Document Type : Original Research Paper
Authors
Department of Computer Science, Faculty of Mathematics and Computer Science, Amirkabir University of Technology (Tehran Ploytechnic), Tehran, Iran.
Abstract
BACKGROUND AND OBJECTIVES: Clustering is one of the basic techniques in data mining and machine learning, which is used to divide a set of data into homogeneous subsets. There are different methods for clustering, each of which has its own strengths and weaknesses. One of the main challenges in clustering is finding the optimal number of clusters and optimal allocation of data to these clusters. Genetic algorithm, as an optimization method based on natural evolution, has a high ability to solve complex problems and search for large solution spaces and can be used as an effective tool in clustering. The purpose of this article is to investigate the efficiency and accuracy of genetic algorithm in data classification and compare it with traditional clustering methods for classification. In order to evaluate the performance of this algorithm, several insurance data sets are used and the obtained results are analyzed with different criteria such as accuracy. Also, different parameters of the genetic algorithm are examined and their effects on the final performance of the algorithm are studied in order to determine the most optimal settings for data classification.
METHODS: In this research, to form chromosomes, at first, the number of clusters was determined. Considering that each cluster center had as many features as the number of features in the data set, the length of each chromosome was determined by multiplying the number of clusters by the number of features. New and diverse methods were used for Crossover, Mutation and Survival processes. Also, the evaluation criterion similar to the K-means algorithm was chosen to optimize the clustering performance. This innovative approach led to improving the accuracy and efficiency of the classification process.

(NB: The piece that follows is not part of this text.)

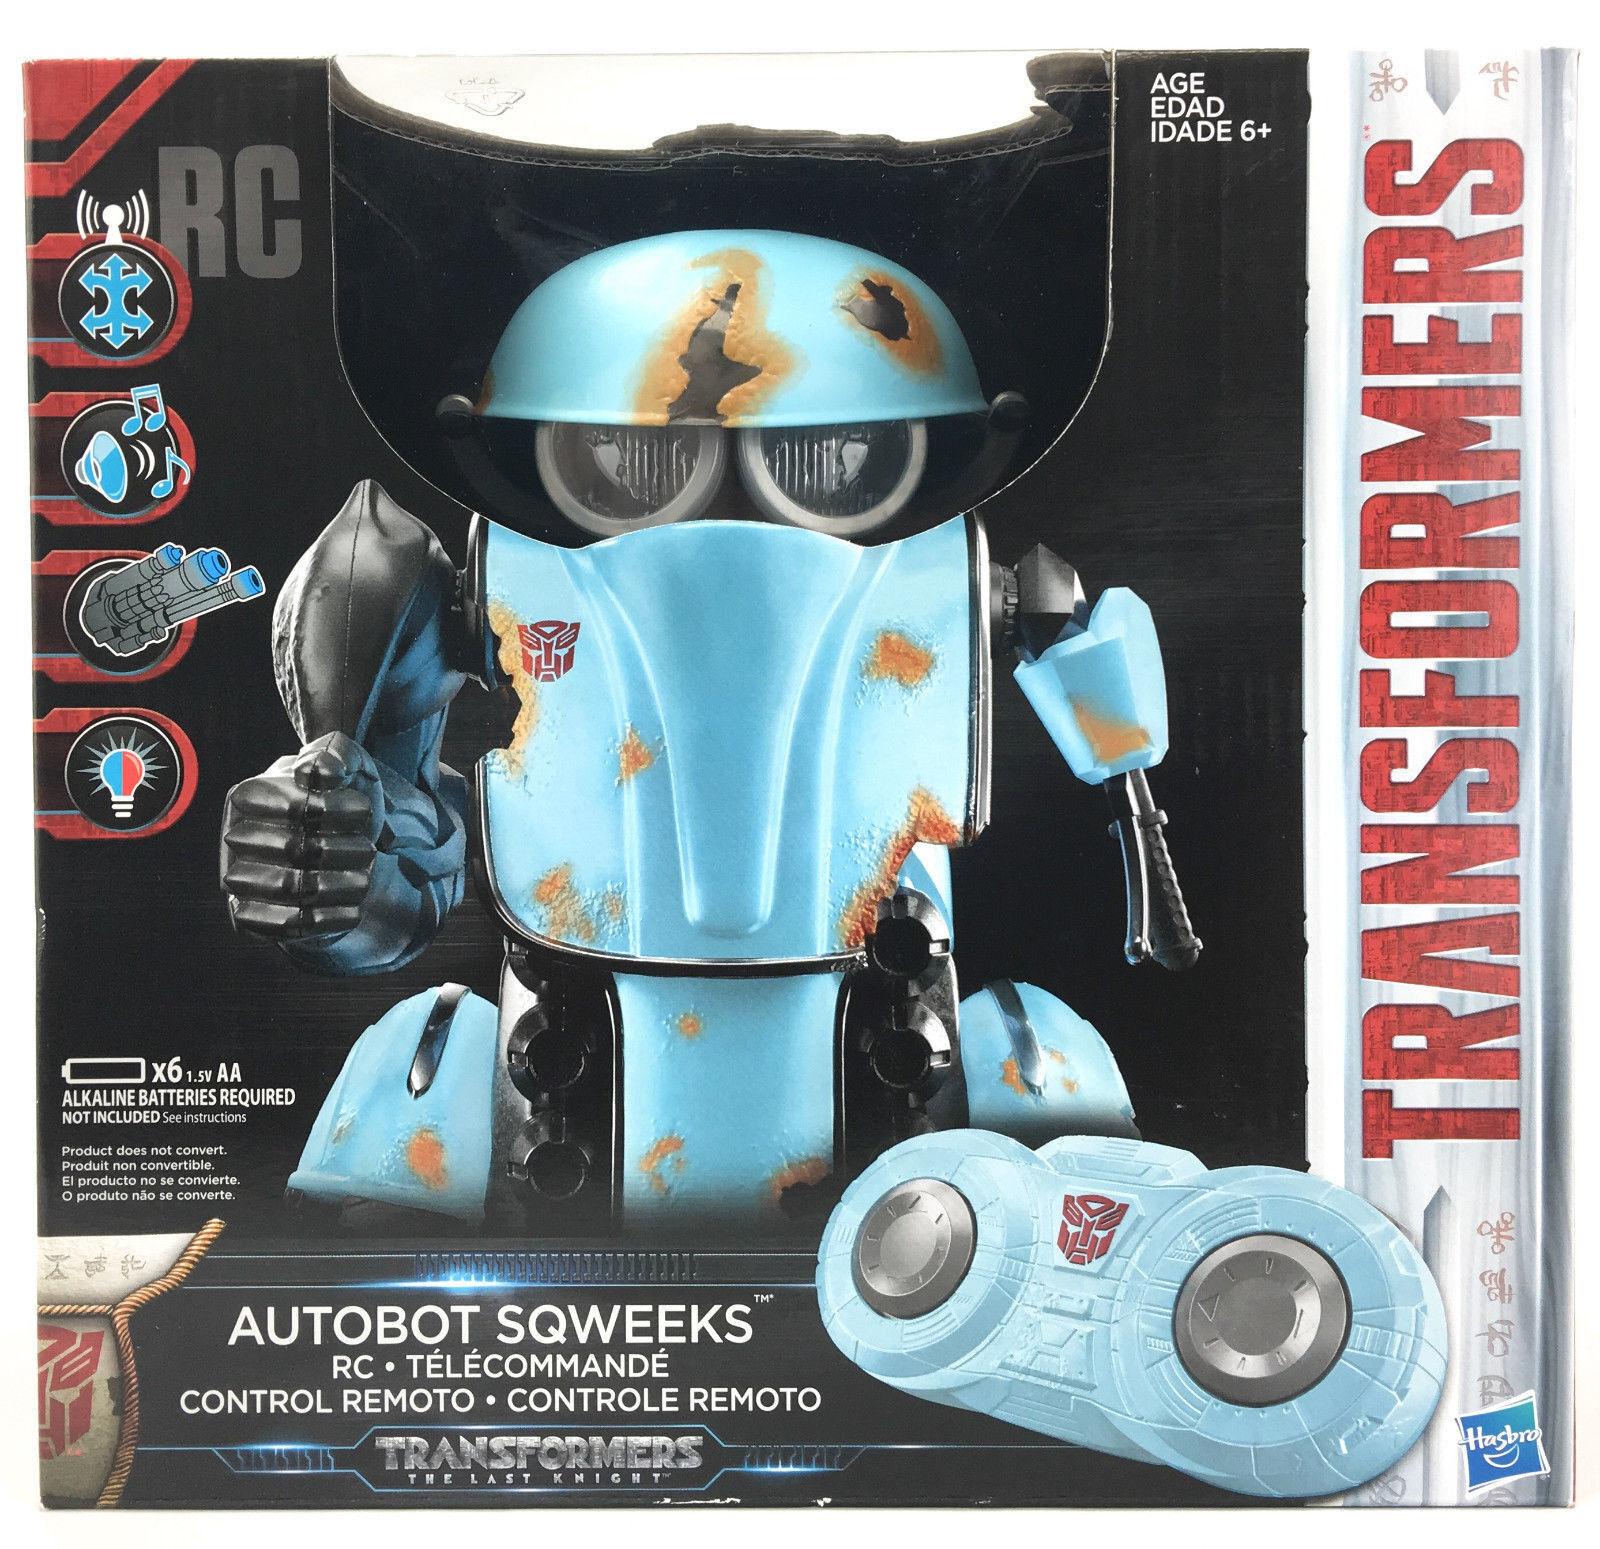 NIB Transformers The Last Knight Autobot Sqweeks Radio Control Toy by Hasbro New
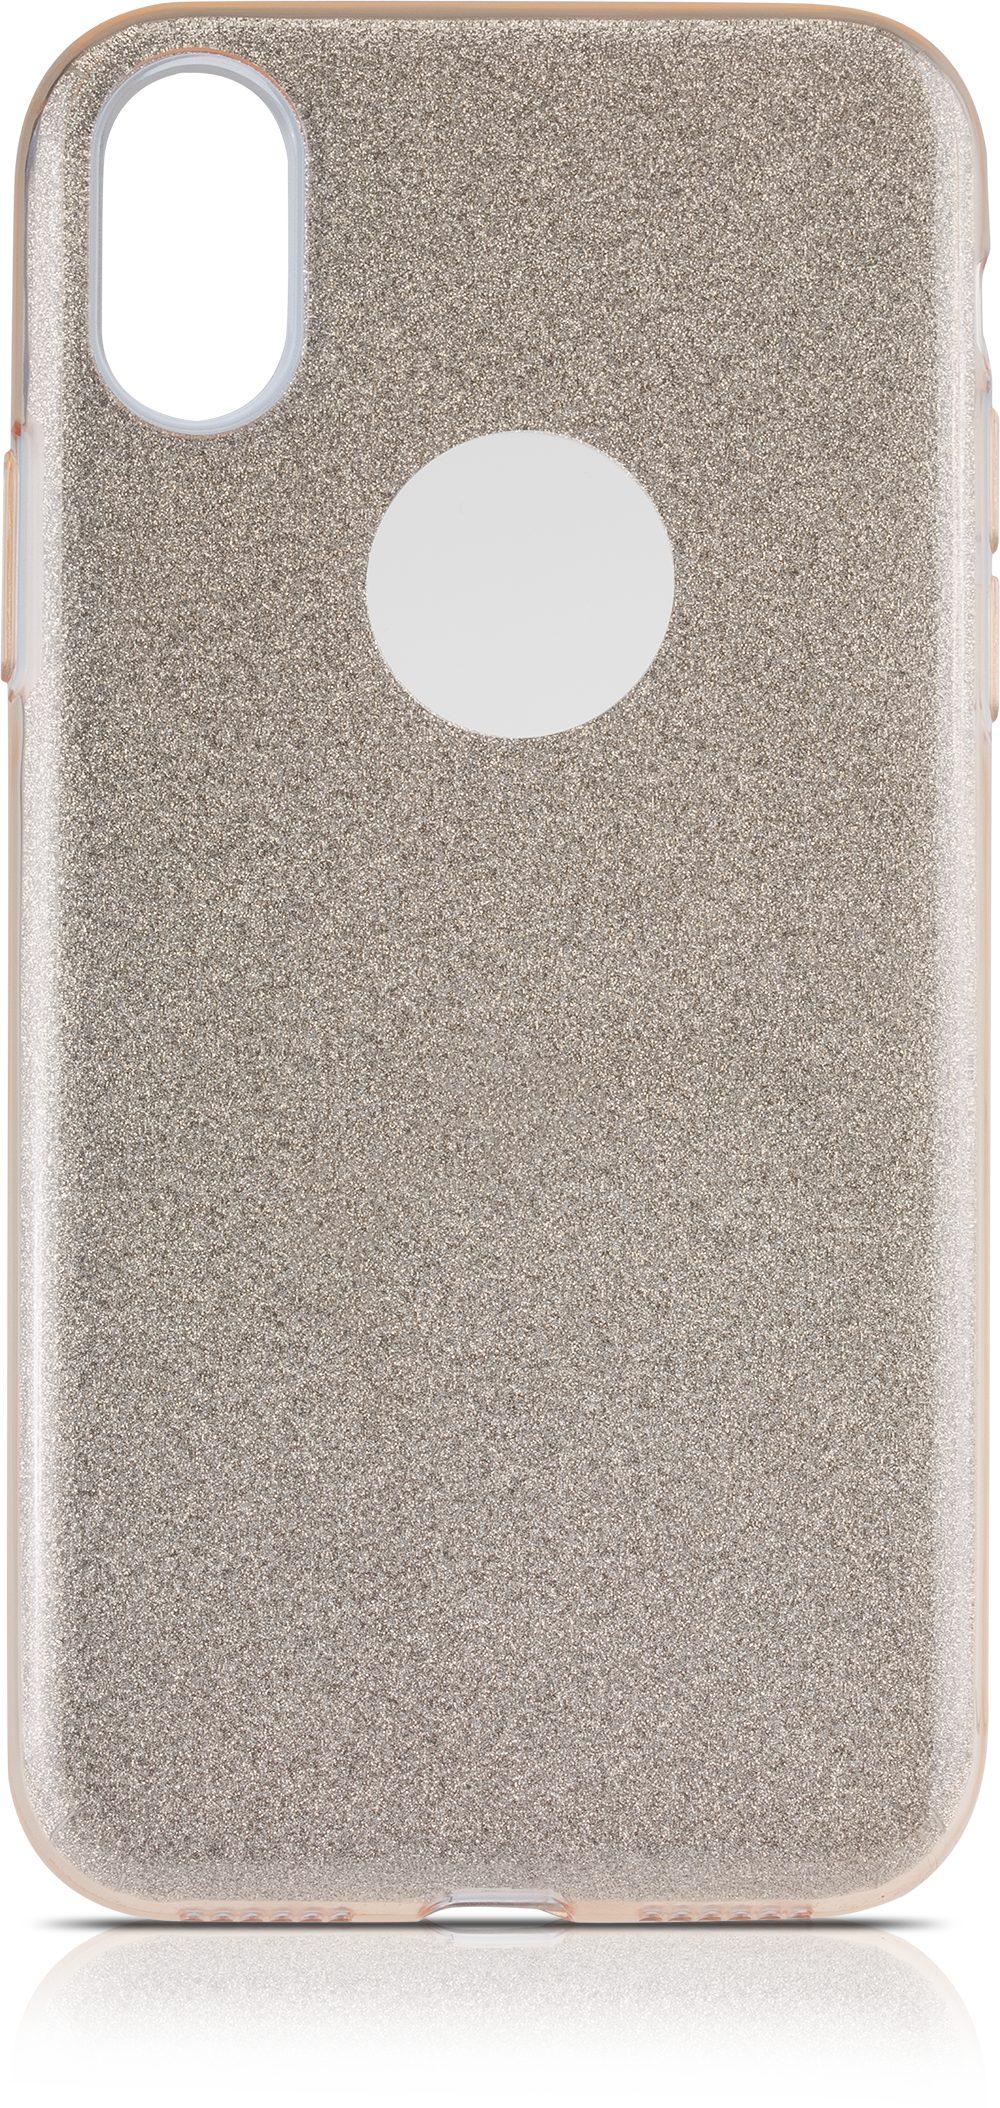 Scutes Deluxe GSM - Zubehör »Schutzhülle TPU - iPhone 8 glitzer gold«

FINDINGS: By applying the method described in this article to three insurance data sets for fraud detection, we have interesting results with 12% improvement in F1 and 10% increase in accuracy in the first data set, 1% improvement in F1 and 1% improvement in accuracy in the first data set. Second and finally, 1% improvement in F1 and 2% improvement in the accuracy of the third data set compared to the K-means method and other methods have been achieved. Due to the 2-mode data in this data set, the problem is solved for two clusters using the algorithm and the best label for each cluster is selected according to the real labels of the data and the result is presented as the results of classification problems. Additionally, significant improvements in metrics such as ARI and other clustering evaluation criteria have been achieved, and remarkable progress has been made compared to the standard genetic algorithm.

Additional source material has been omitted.